Roman on How Hockey Sticks are Made
Posted by Jeff Id on September 29, 2009
There is a small discussion hidden in the latest massive thread at CA. TomP made the suggestion that correlation and elimination of non-temperature correlating tree ring data was perfectly ok with him. For those that are a little math savvy and are interested in the problem that creates read my hockey stick temperature distorition posts above. These posts reiterate the conclusioins of VonStorch04 and IMO are much more plainly worded and provide turnkey software code which anyone can run to replicate my results. However, sometimes I read things from other bloggers that just hit the point a heck of a lot better than I’ve written it. This comment by Roman is an excellent example.
If you ever wanted to know how so many papers make hockey sticks, the sorting operation described below is the reason.
The first point quoted is made by TomP.
Rejecting the Schweingruber series [as originally presented] as a good proxy seems reasonable, unless there are doubts about the instrument record. Why it is not a good recent proxy is an important but separate point.
I don’t believe that you have considered the full implication of your argument on the entire reconstruction.
Let’s suppose that you are right and that there are real treemometers which you can identify by comparison to an observed record. Your statement above indicates that there also trees that are not good proxies. Unless, false proxies are a recent phenomenon, the logical conclusion is that there must be a collection of these distributed throughout the entire time period prior to the start of the temperature record since there is no way to identify and exclude those proxies that are not good (unless you know that of course there was no MWP).
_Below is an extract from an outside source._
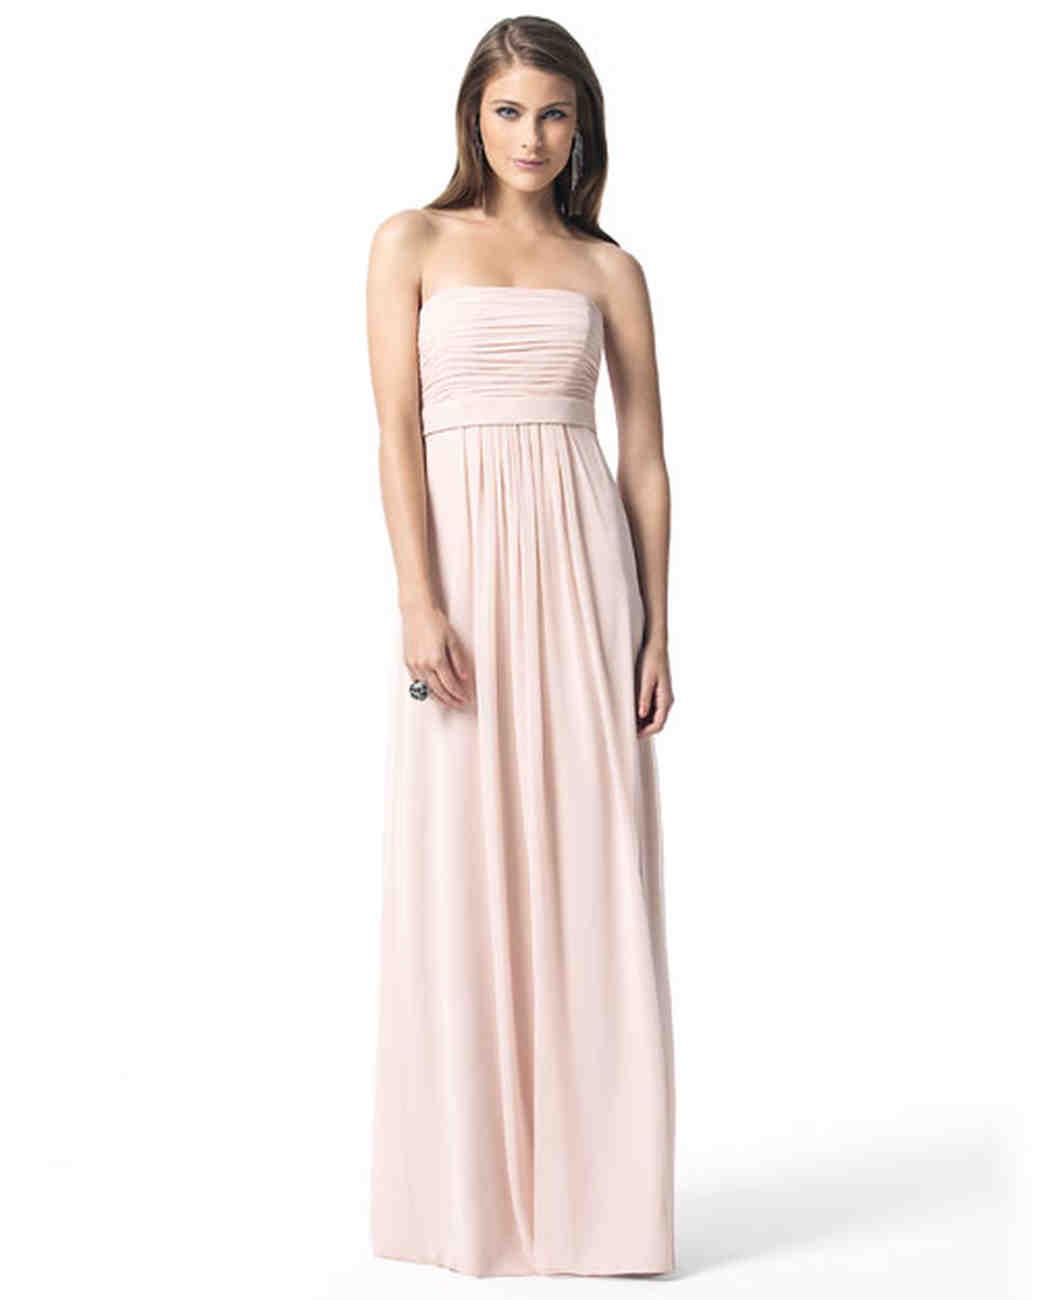 Bridesmaid Dresses For Beach Weddings Martha Stewart Weddings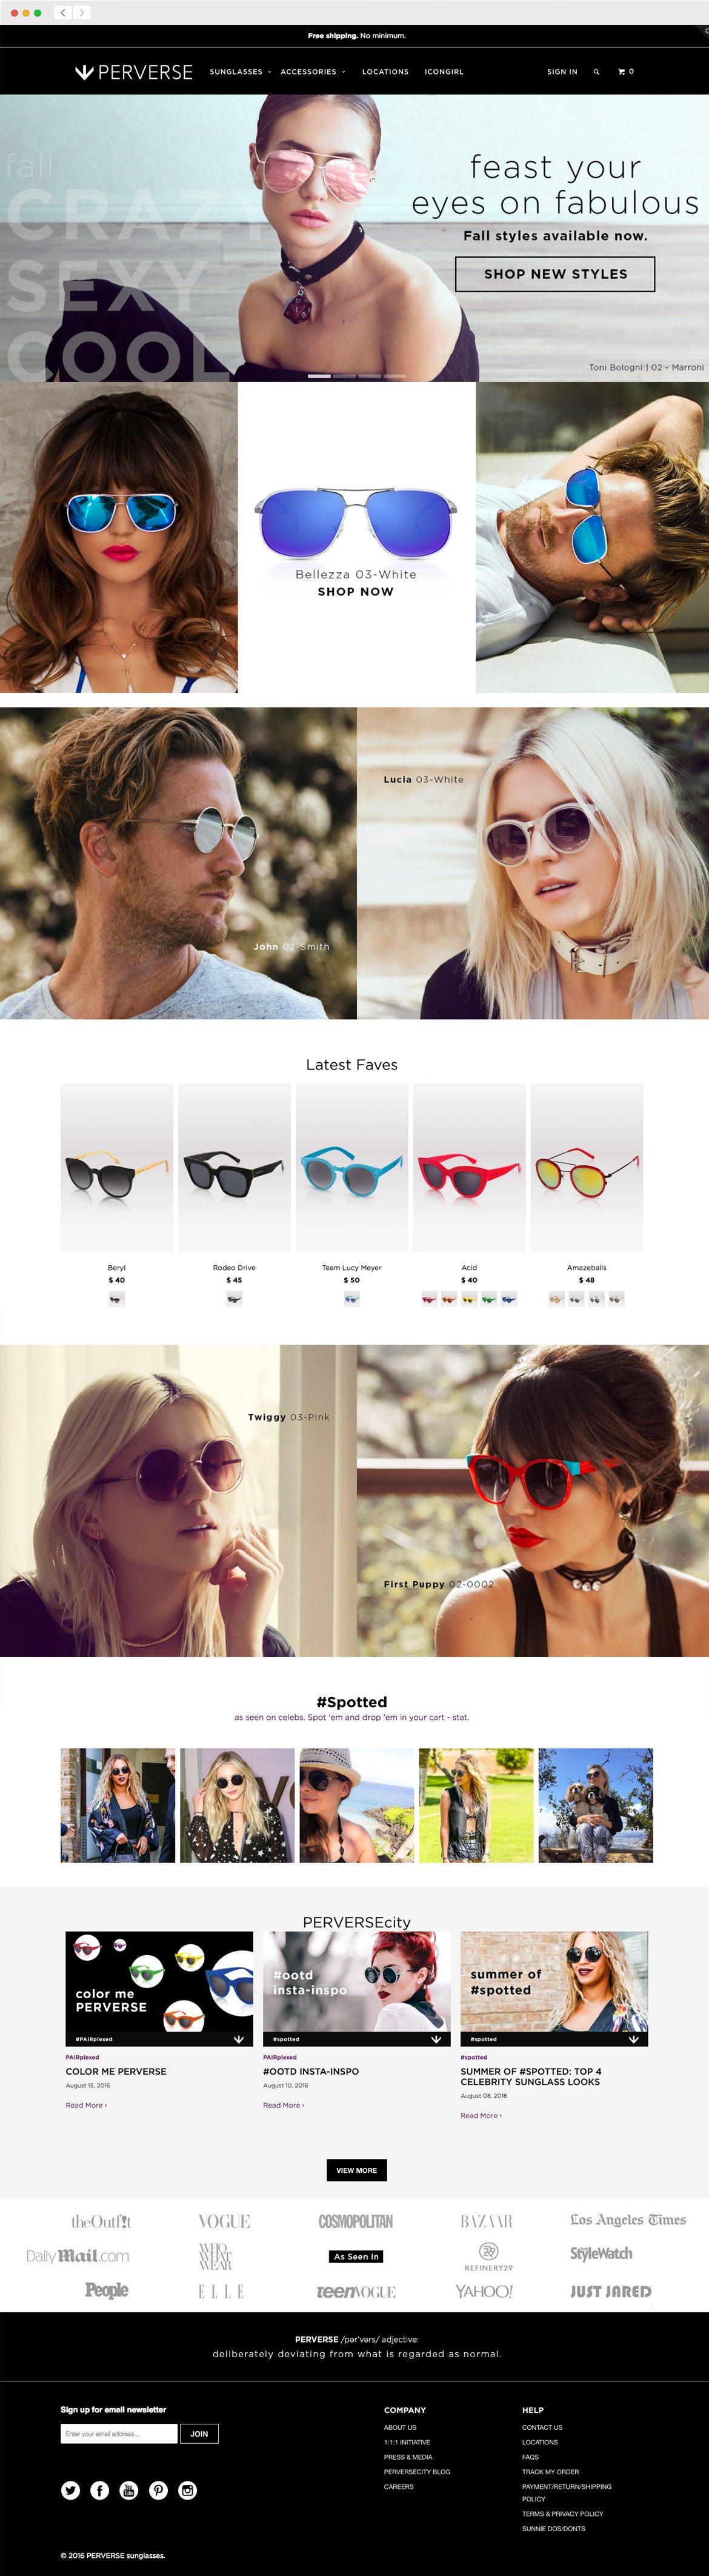 Perverse Sunglasses Web

So what effect will this have on the reconstruction? Having only good ones in the modern era, we will see that the temperatures have been warming, but we already knew that. The effect the good proxies will have on the early part of the reconstruction will be merely to center it at a particular level of dimensionless chronology units. It will have little or no effect on the quality of the results prior to the actual time at which these known to be good proxies existed.
When we reconstruct the early portion, we will have a mix of good and bad proxies at most time periods. Steve’s sensitivity test shows that the result of including “bad” proxies is to flatten the reconstruction – even in the merged case, the difference is as large as a full unit, of the same order of magnitude as the range of the entire original reconstruction prior to 1800.
The amount of flattening will depend on the relative proportions of good and bad proxies, but the net result will tend towards a hockey stick shape. Any error bars constructed from the fit will seriously underestimate the bias created by the false proxies. Without knowing how prevalent bad proxies are, there is no way to adjust for this bias.
What if the choice of modern proxies is just opportunistic matching to the temperature record? Well, then you get a … hockey stick. But that’s another thread.
This is exactly right and the more data you sort the stronger the hockey stick effect. In Mann08 1209 individual series were sorted. The high series count results in a very flat handle as the noisy data average out and a strong pre-sorted blade on the end. When each series is individually scaled for best fit to temp, the handle of the stick is straightened even further. What drives me crazy is smart people like Tom fall for the ruse – after all, why would we include data which didn’t match temp.
These PhD’s are good at math– why can’t they figure out what I did within a minute (probably seconds) after reading it the first time. I remember trashing the CA thread with comments and staying up until 3 in the morning late last August reading and thinking about the huge implications for climate science. Hell, at the time I was just trying to figure out how real this global warming scare was.
Anyway boys and girls, in the stock market you can’t choose your stocks after the trading day ends. Likewise in science, you don’t get to choose which data fits your conclusion after you collect it.